The picture is usually different within industries. Young people who work there often work during daytime hours and can rely on older workers for support and help. But it is important not to forget that young people, no matter where they work, often find themselves in a transition between school and working life. This is also a factor which adds complexity to the picture, especially as the reasons for working can vary greatly from person to person. Some begin to work because they no longer want to go to school, others are moonlighting in evenings and at weekends. For many young people the entry into the labour market has been postponed, which means those who are 18 or older no longer benefit from the protection of working environment legislation and regulation aimed at younger workers – even thought they might be entering into working life for the first time.
“When a young person starts working he or she steps into the adult world and initially find themselves in a transition phase between school and working life. They see how adults in the workplace approach risks, what kind of safety culture exists in the workplace and even if that culture does not fit with what they have been taught about safety they will imitate what they see and what other adults do. They are being socialised into a risk behaviour and thus they will be future proponents of that bad work culture,” says Pete Kines.
The need to view young people as a heterogenous group and to understand what transition phases between school and working life might mean to the individual young person represents one of the report’s main conclusions. Yet it is not enough to focus on the individual young person’s opportunities to improve the working environment. It is equally important to look at the young person’s surroundings. What characterises the sector in which the young person works, the working tasks he or she must carry out and which culture is typical for that particular workplace? How is work organised and how can it promote or hinder the improvement of the working environment? Who are the colleagues and how do they think about and work with the working environment? These factors make up the complex world which is the young person’s working environment, and the ambition to improve the working environment is necessary in order to begin to understand it, says Pete Kines.
He appeals to anyone who in any shape or form is involved in young people’s working environment – be it employers, educators, safety officers, the social partners – to think boldly. Dare to see how heterogenous the group of young workers is, but don’t focus solely on the young people themselves. Also focus on the complex working life they are facing. Risks and dangers in working life can be prevented through cooperation and engagement.
"I would like to see a Vision Zero for young workers' working environment, like Sweden's programme aimed at preventing fatal traffic accidents," says Pete Kines.
The report ‘Young workers’ working environment in the Nordic countries’ was published on 9 October on commission from the Nordic Council of Ministers during Sweden’s Presidency. A Nordic conference on young people’s working environments was held on the same day in Stockholm.
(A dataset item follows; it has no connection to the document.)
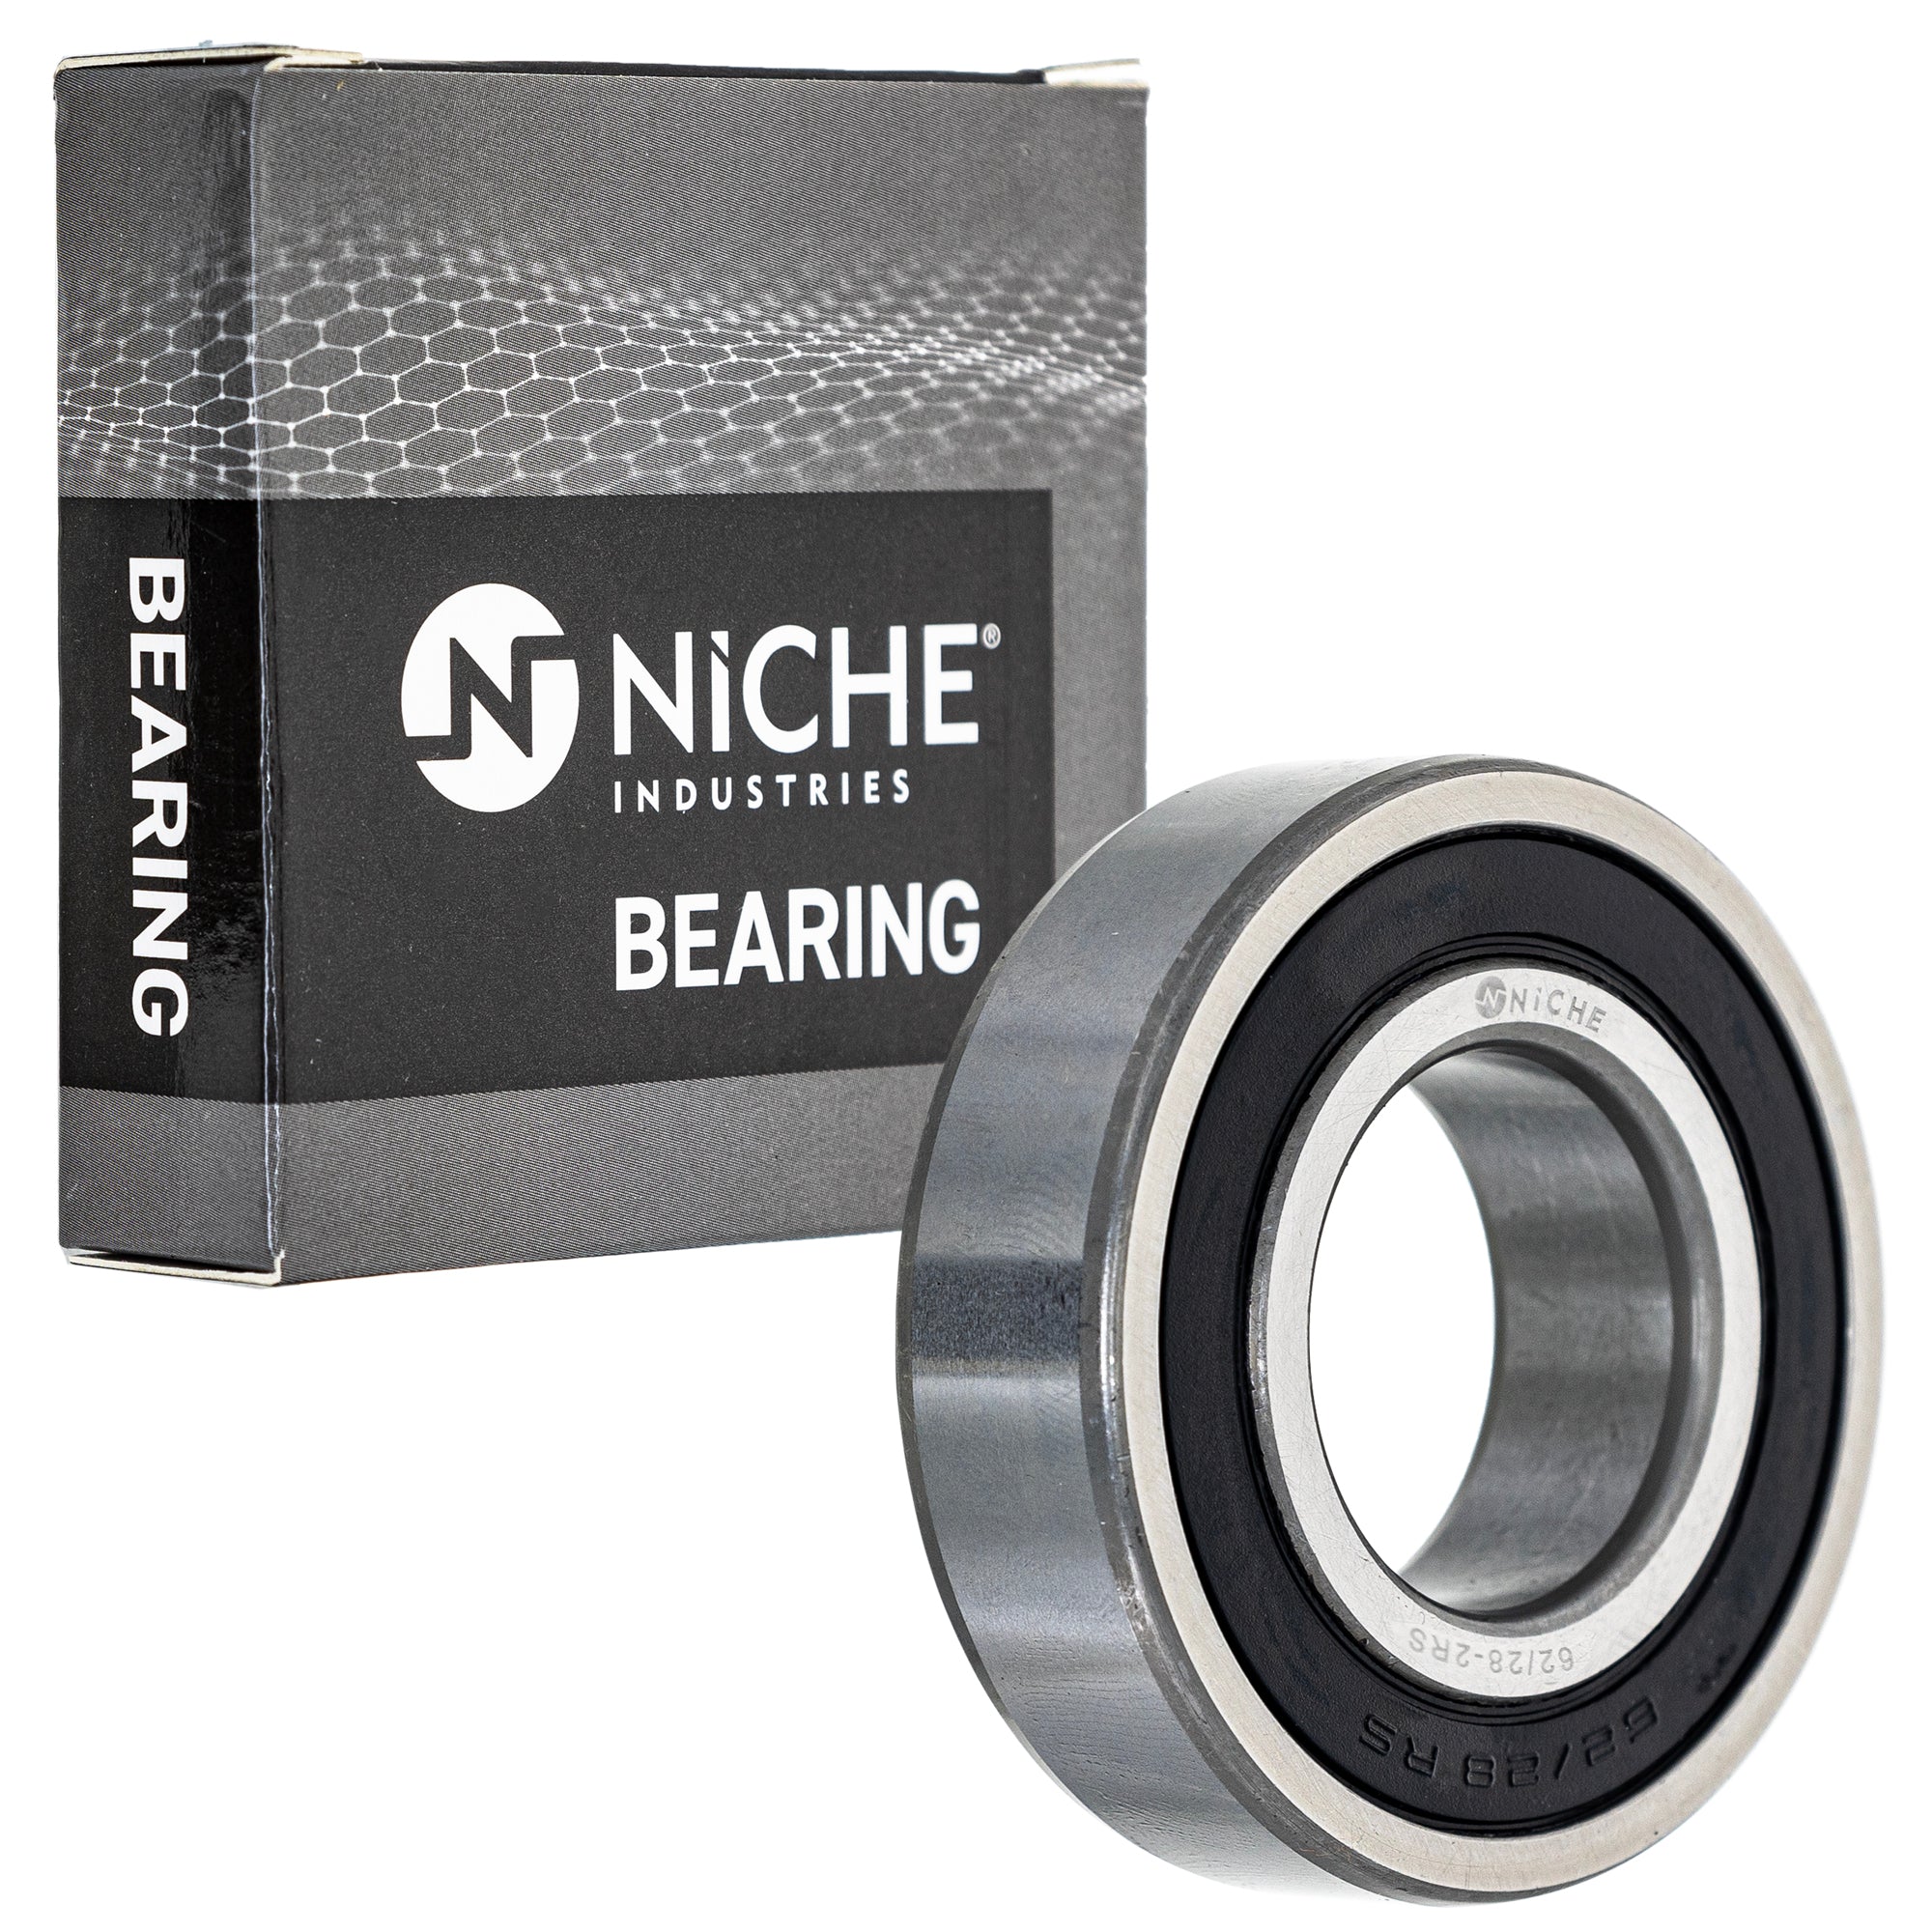 NICHE 519-CBB2235R Bearing 2-Pack for zOTHER YZF VFR750R TRX450

Senior researcher Pete Kines at the National Research Centre for the Working Environment in Denmark wrote the report with help from colleagues Elisabeth Framke and Elizabeth Bentsen and Anne Salmi from the Finnish Institute of Occupational Health.
Their aim has been to map the working environment situation for young workers between 15 and 24 in the Nordic countries, and the report looks at legislation, employment rate and work-related injuries or bad health. It also suggests ways of improving young people’s working environments.